One of the fastest ways to increase market share is to recruit productive agents. However, there is no quick fix to recruiting top agents, or retaining top talent. It requires a focused approach on multiple levels. A successful process starts by reviewing the wants and needs of top agents in the target market and then working to make sure the offerings and messaging matches those wants and needs.
This exercise is worth it because agents are the lifeblood of successful brokerages, and top agents are their heart. They bring the listings and the buyers upon which brokers make commissions, sell ancillary services and elevate the firm’s brand.
This is one reason that recruiting occupies two of 10 modules of T3 Sixty’s MBA-style program for real estate brokers and teams T3 Fellows.
Like many aspects of running a successful business, recruiting top agents does not happen in isolation. The practice requires a clear understanding of brand, where the firm sits in its market’s competitive landscape, its overall business goals, a deep understanding of its business and much more.
Successful recruiting involves understanding the four primary agent archetypes, how those archetypes match the personas that fit a brokerage’s target market, and then choosing and implementing a recruiting strategy.
Understand Top Producer Personas
T3 Fellows program details four primary agent personas that can be useful in recruiting. They are:
- New Nicole, a new agent
- Second Career Sam, a professional beginning a second career in real estate
- Active Amy, a professional real estate agent focused on growing her business
- Maturing Michelle, a top producer who has an established business and knows how to operate her business inside and out
The latter two personas will be the personas brokerages target when recruiting top producers.
Getting clear about which top producer persona a brokerage wants to target will help a brokerage design an effective strategy for recruiting them.
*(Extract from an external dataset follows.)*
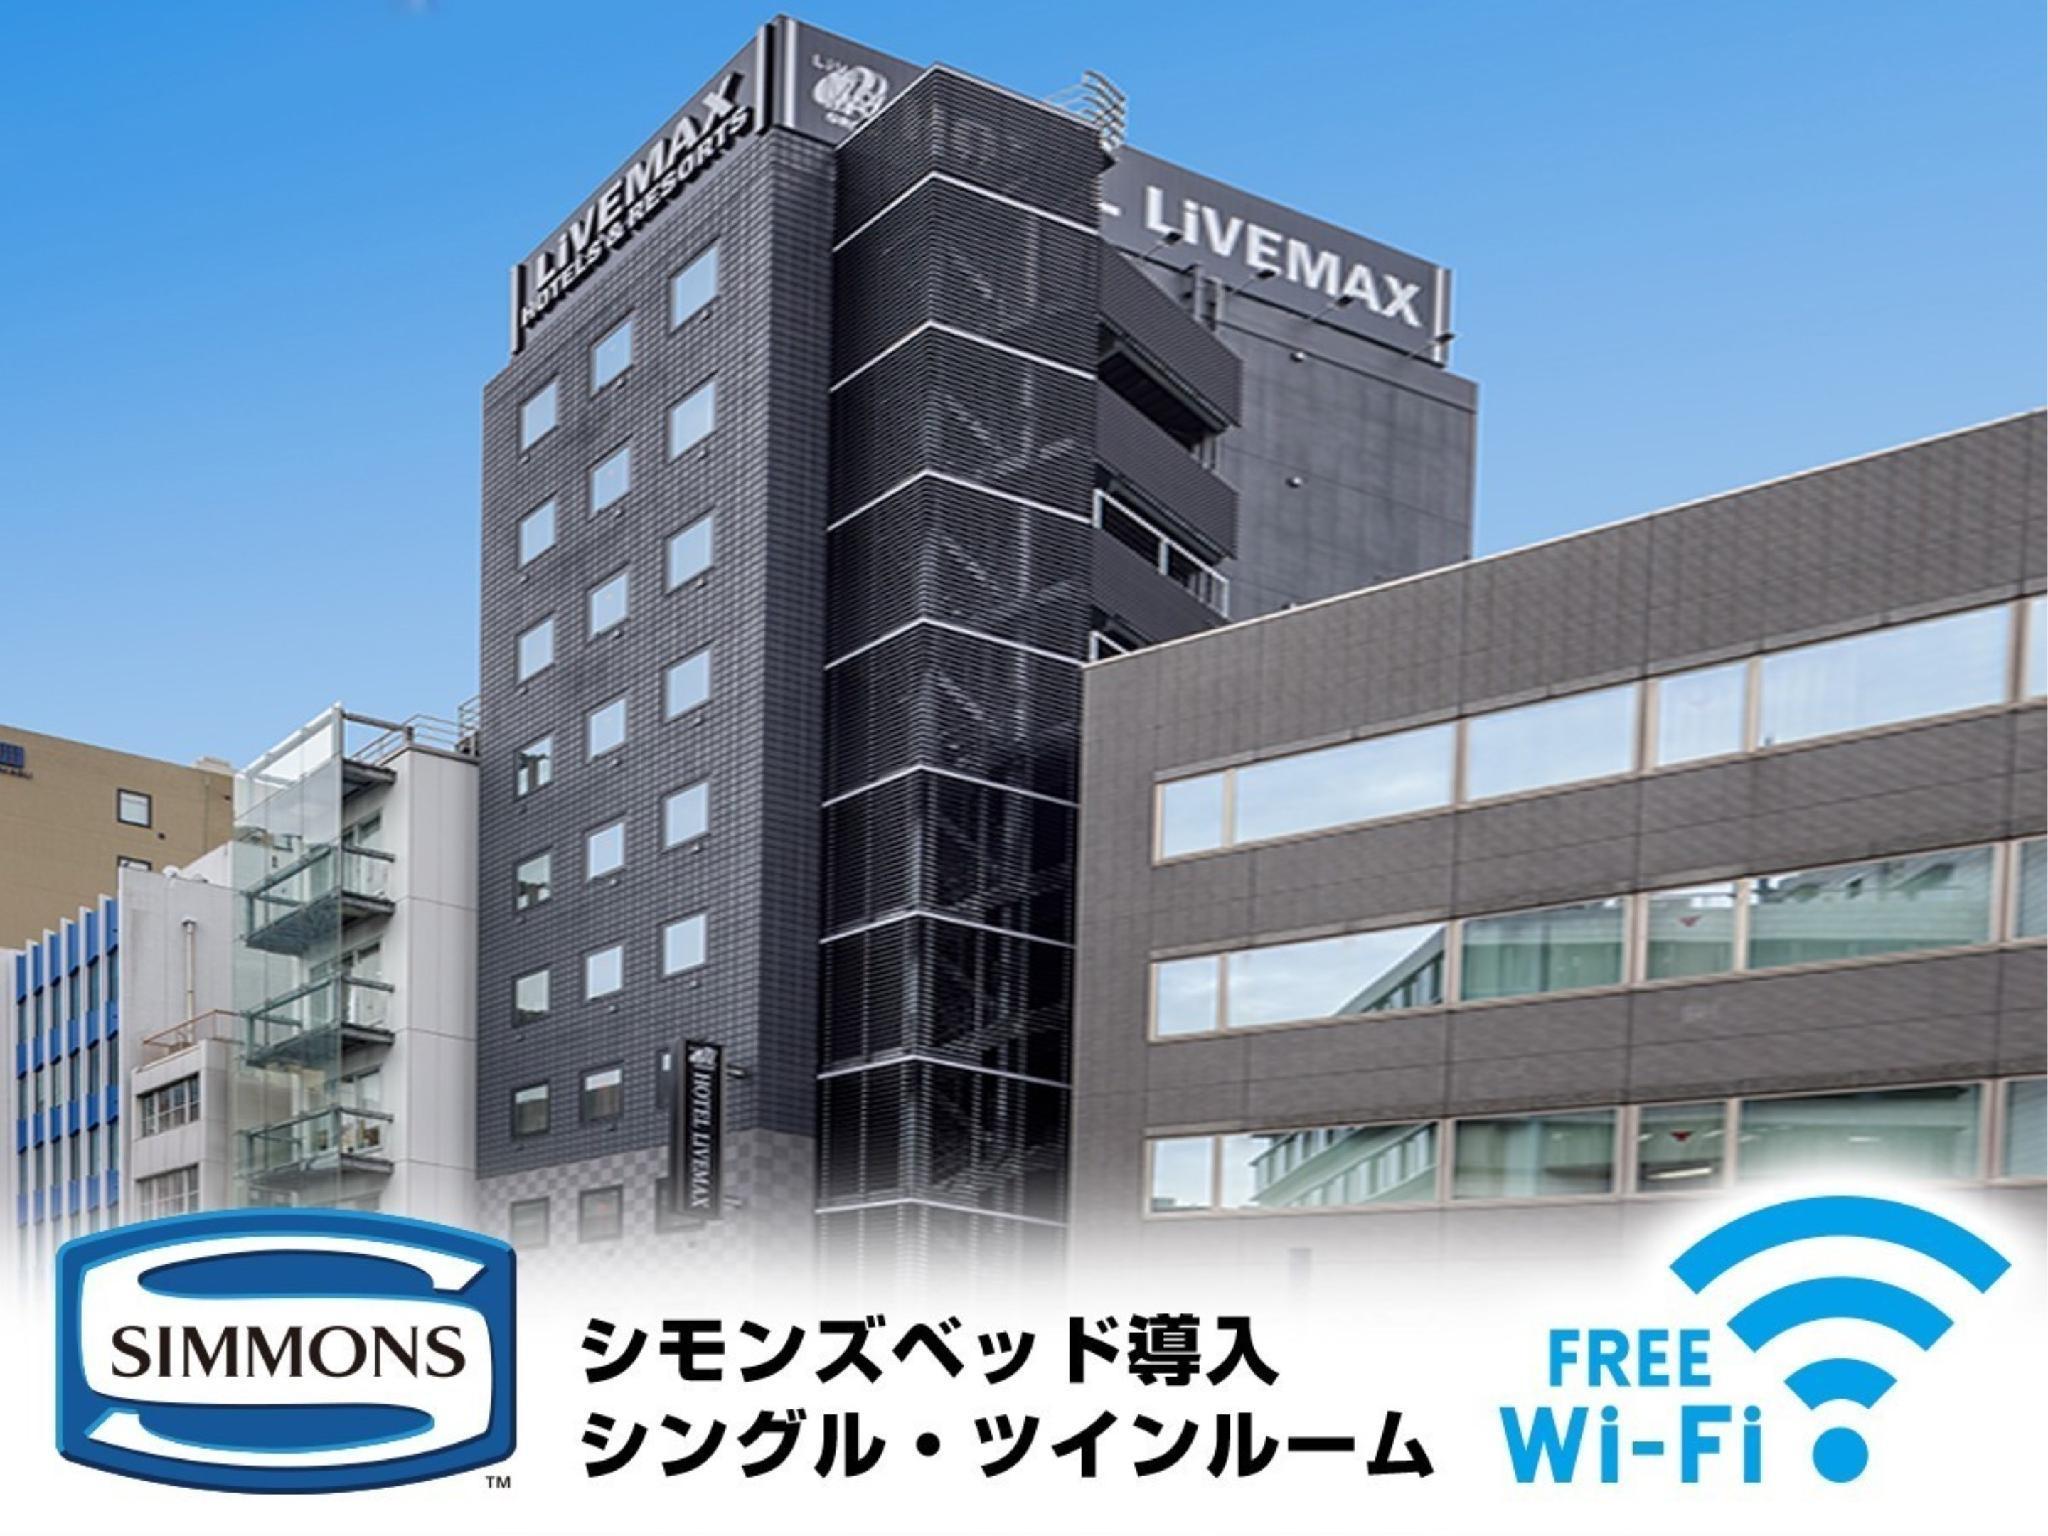 Hotel LiVEMAX Akasaka

Active Amy has the time, energy and focus to grow her business, but, as her business and life is on a sharp upward slope, she could use guidance, new systems and tools and additional ways to grow her business. She would fit best in a brokerage providing structure and support in the form of coaching and systems to help accelerate her business.
Maturing Michelle, on the other hand, has mastered much of what Amy’s hustling to develop. She has a robust repeat-and-referral base, has refined client skills, a strong network, a fair amount of personal wealth but sees time as her most precious, limiting resource. Brokerages who can streamline her work life, help her maintain and grow her business while giving her some of her life back will get her attention.
Pick the Agent Archetype that Fits
In addition to understanding agent personas, brokerages can better, more efficiently attract the right agents by matching their particular strengths with the agent archetype that best fits their business.
There are four primary ways agents make money, characterized by how they primarily do business. T3 Sixty calls these the four agent archetypes. They are:
- The Networker: Networkers sell through their relationships and their networks – thus their key strength is building and developing those relationships.
- The Prospector: Prospectors make use of their skill and discipline at prospecting to make a living. They don’t need much more than a database of people to call to make a living – even if they have never talked to them before.
- The Converter: Converters buy leads and convert them; they are reliant on an advertising budget and their skill at converting inquiries into relationships to make a living. They require capital to get started and must have the discipline it takes to be highly responsive, follow up, and convert these leads.
- The Marketer: Marketers are an expert at something – a niche, a type of real estate, a neighborhood – and broadcast this expertise to the world. They attract people that value their expertise and skill in their particular area.
There are three primary strategies to employ when recruiting top producers: acquiring them, offering them targeted marketing services and developing a joint venture relationship.
The act of acquiring top producers involves offering a signing bonus. This will get top agents’ attention, especially with a well-crafted offer. When evaluating top agents’ production, determine the amount of company dollar they would generate to help formulate the offer.
For example, if they would generate $50,000 in company dollar in one year, negotiate a sign-on bonus of up to $50,000. This ensures a one-year breakeven, which becomes a net positive after that. In addition, the agreement would stipulate that agents would need to pay back a prorated portion of the signing bonus if they were to leave before the agreed to time period ended (typically between three to five years).
Offering targeted marketing services can also attract top agents. This can involve identifying a target market, whether a geography, property type or another feature, and then developing a marketing plan for growing the brokerage’s presence there with the help of a talented agent. T3 Sixty calls this the Primary Market approach. Approaching a top producer with this plan in place and by offering to share or potentially even cover the startup marketing costs can help land a top agent.
Successful agents like owning things, which is why a joint venture strategy can help attract top producing agents. This could include joint ventures of the brokerage’s business, and or mortgage and title operations for example.
Recruiting top agents has a multiplier effect. It increases market share and as market share improves, retention often improves as existing agents feel they hang their license at a growing company where their colleagues want to work. Using the acquisition method to recruit top agents and or the primary market exercise are two proven methods to increase your top agent count as well as your market share. Happy recruiting!